[Opening Dataset section section]
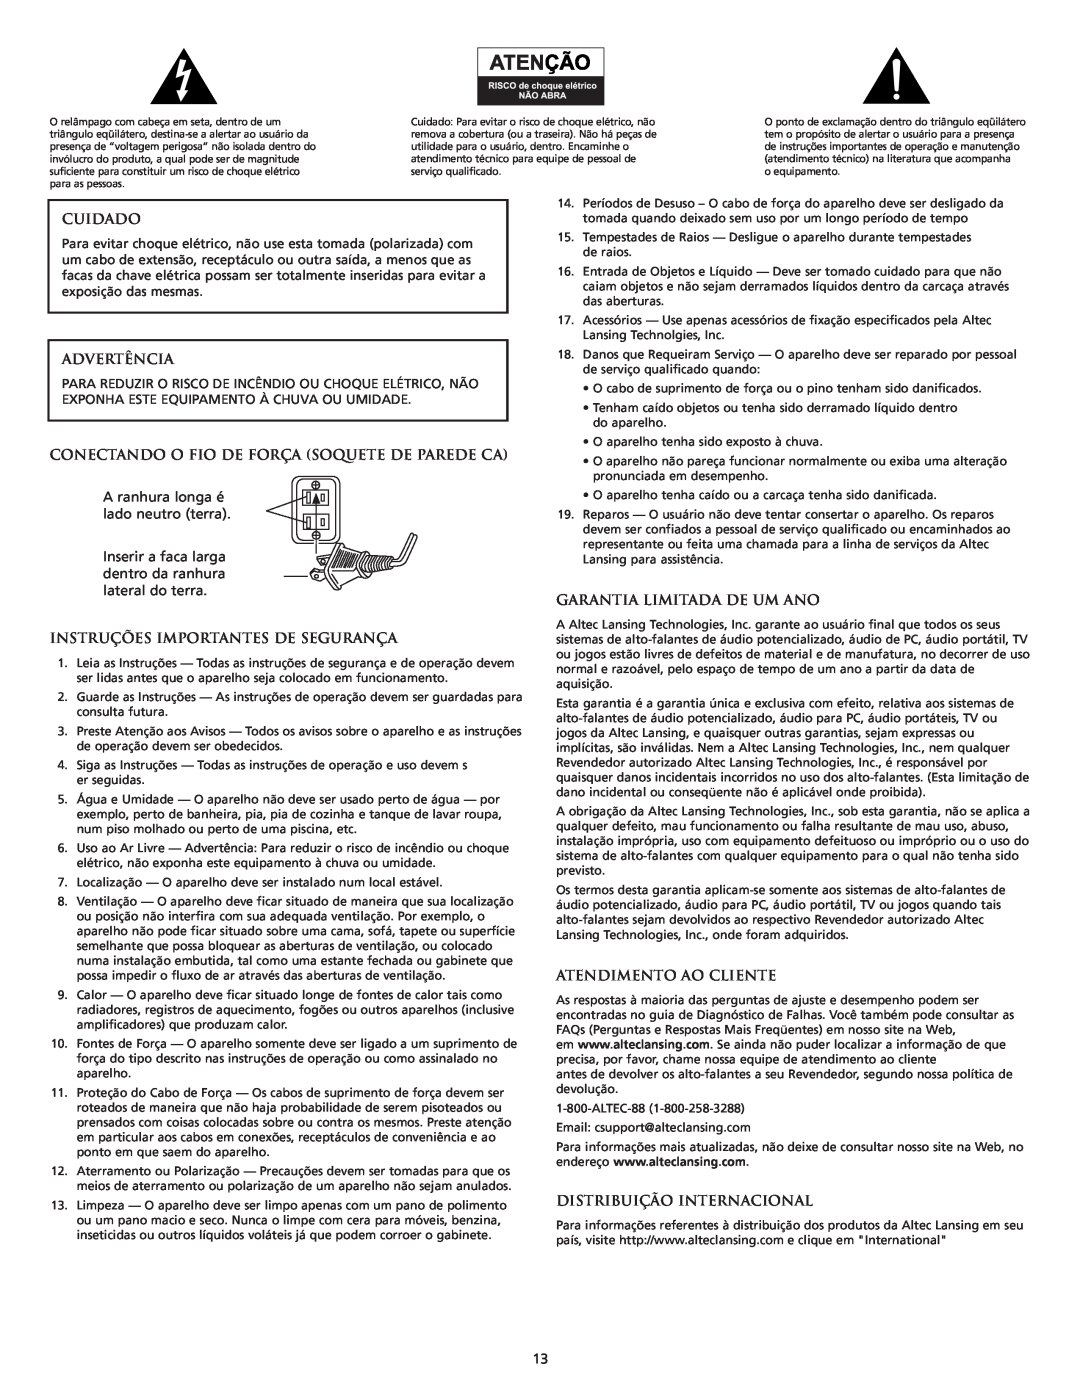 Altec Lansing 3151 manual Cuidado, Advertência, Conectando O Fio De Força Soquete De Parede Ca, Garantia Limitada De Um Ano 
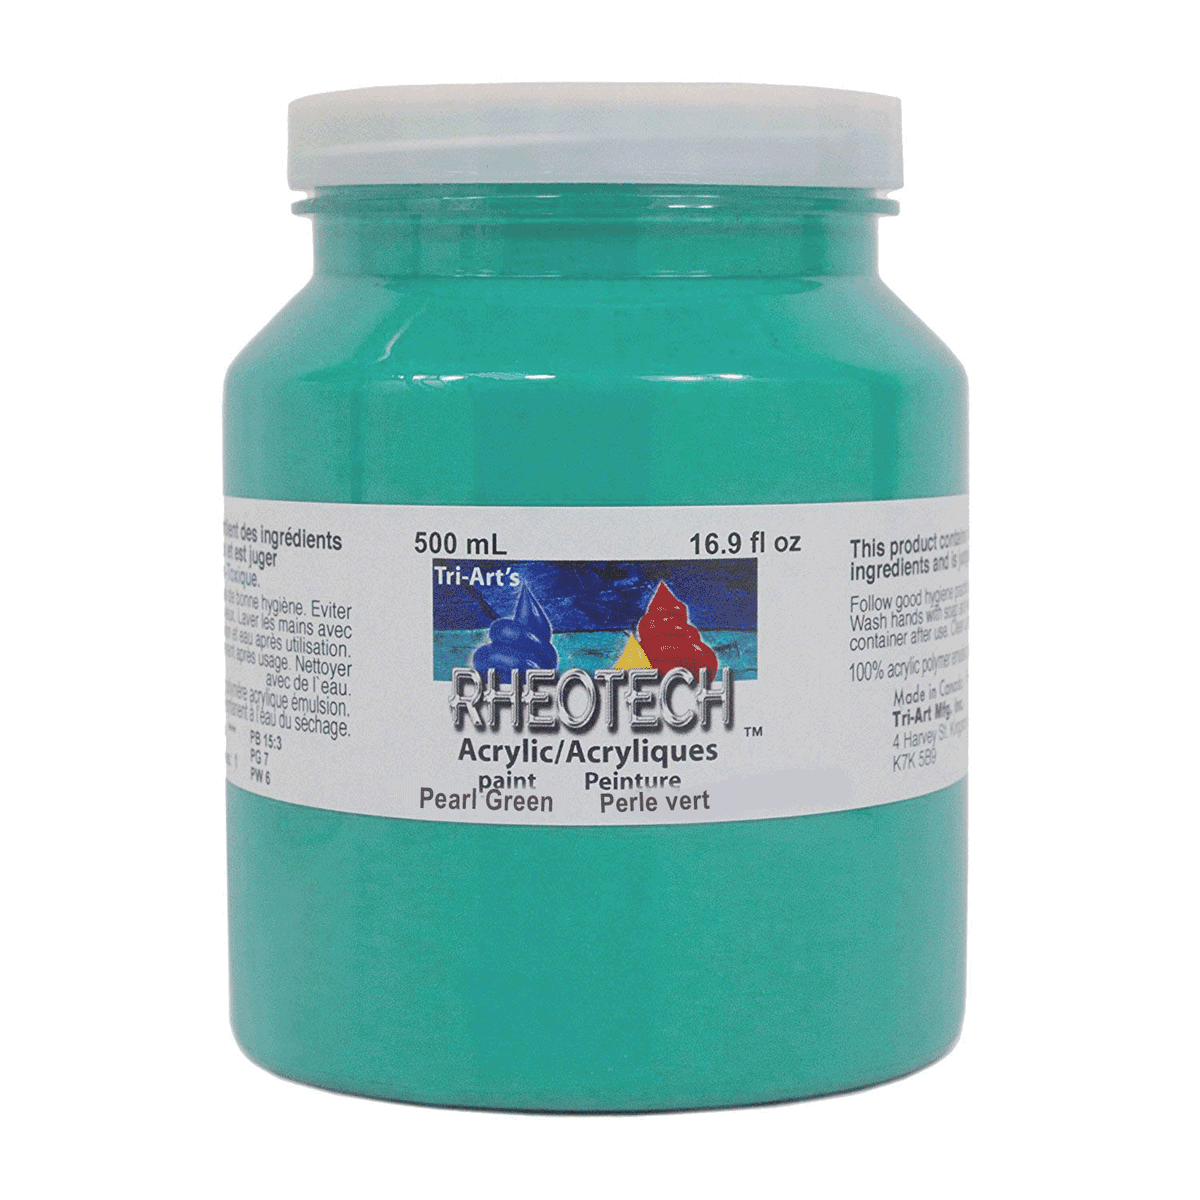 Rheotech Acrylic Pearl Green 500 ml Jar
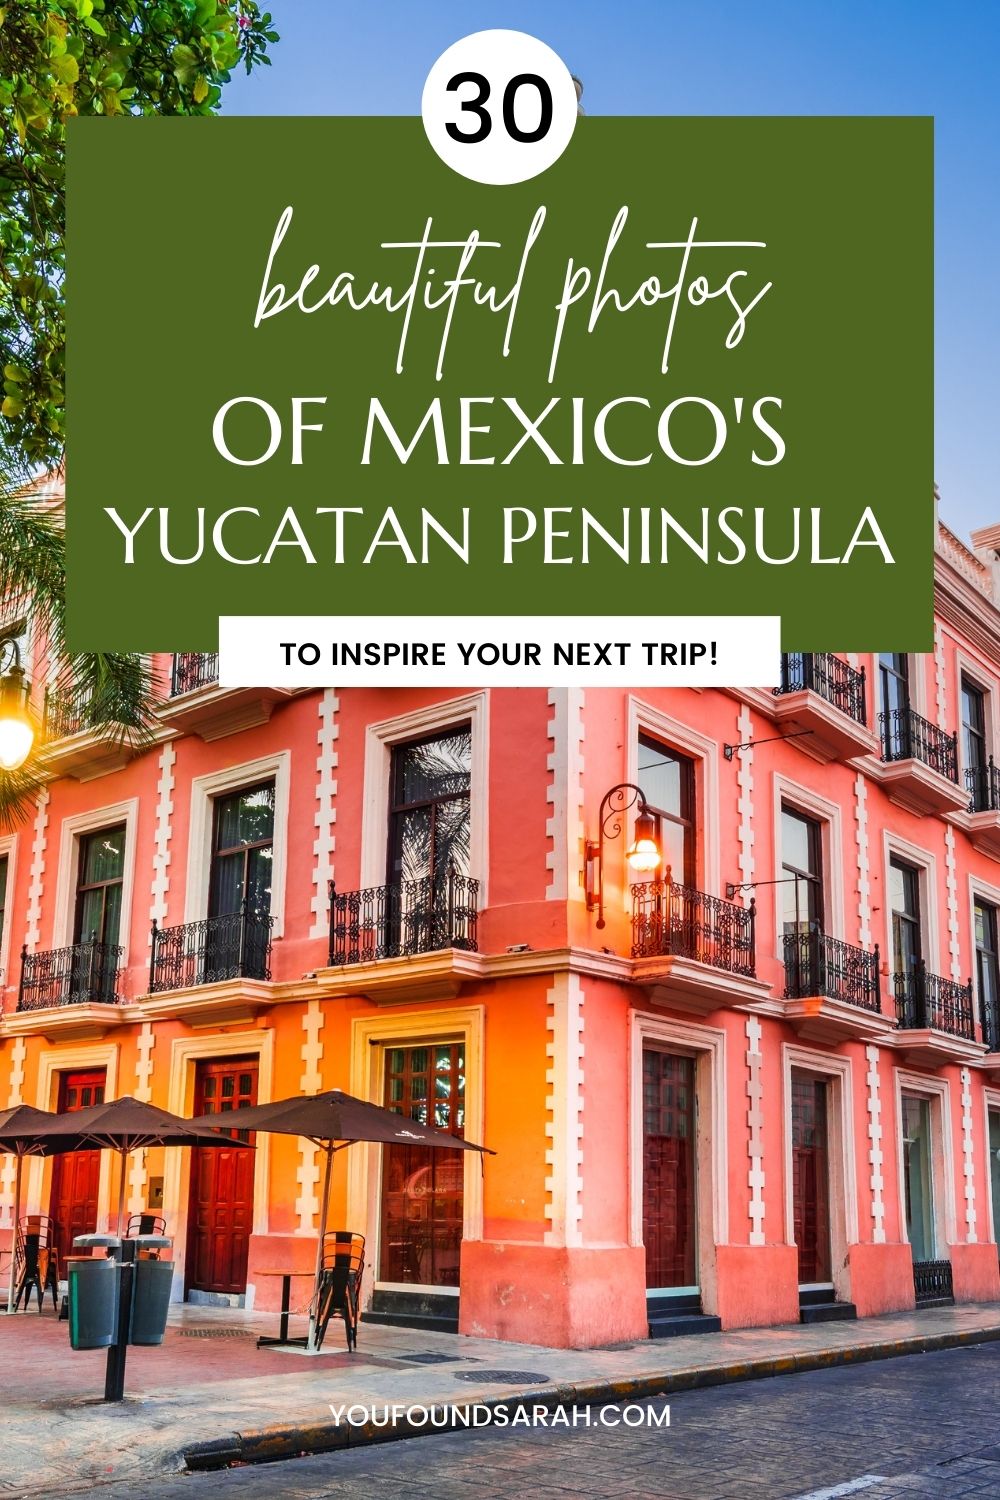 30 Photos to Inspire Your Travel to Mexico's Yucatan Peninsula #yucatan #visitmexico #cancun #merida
[Closing Dataset section section]
§ **The task**
Since the pictures are not wanted, give the material again exactly without them.

§ **Your response**
 Altec Lansing 3151 manual Cuidado, Advertência, Conectando O Fio De Força Soquete De Parede Ca, Garantia Limitada De Um Ano 
 Rheotech Acrylic Pearl Green 500 ml Jar
 30 Photos to Inspire Your Travel to Mexico's Yucatan Peninsula #yucatan #visitmexico #cancun #merida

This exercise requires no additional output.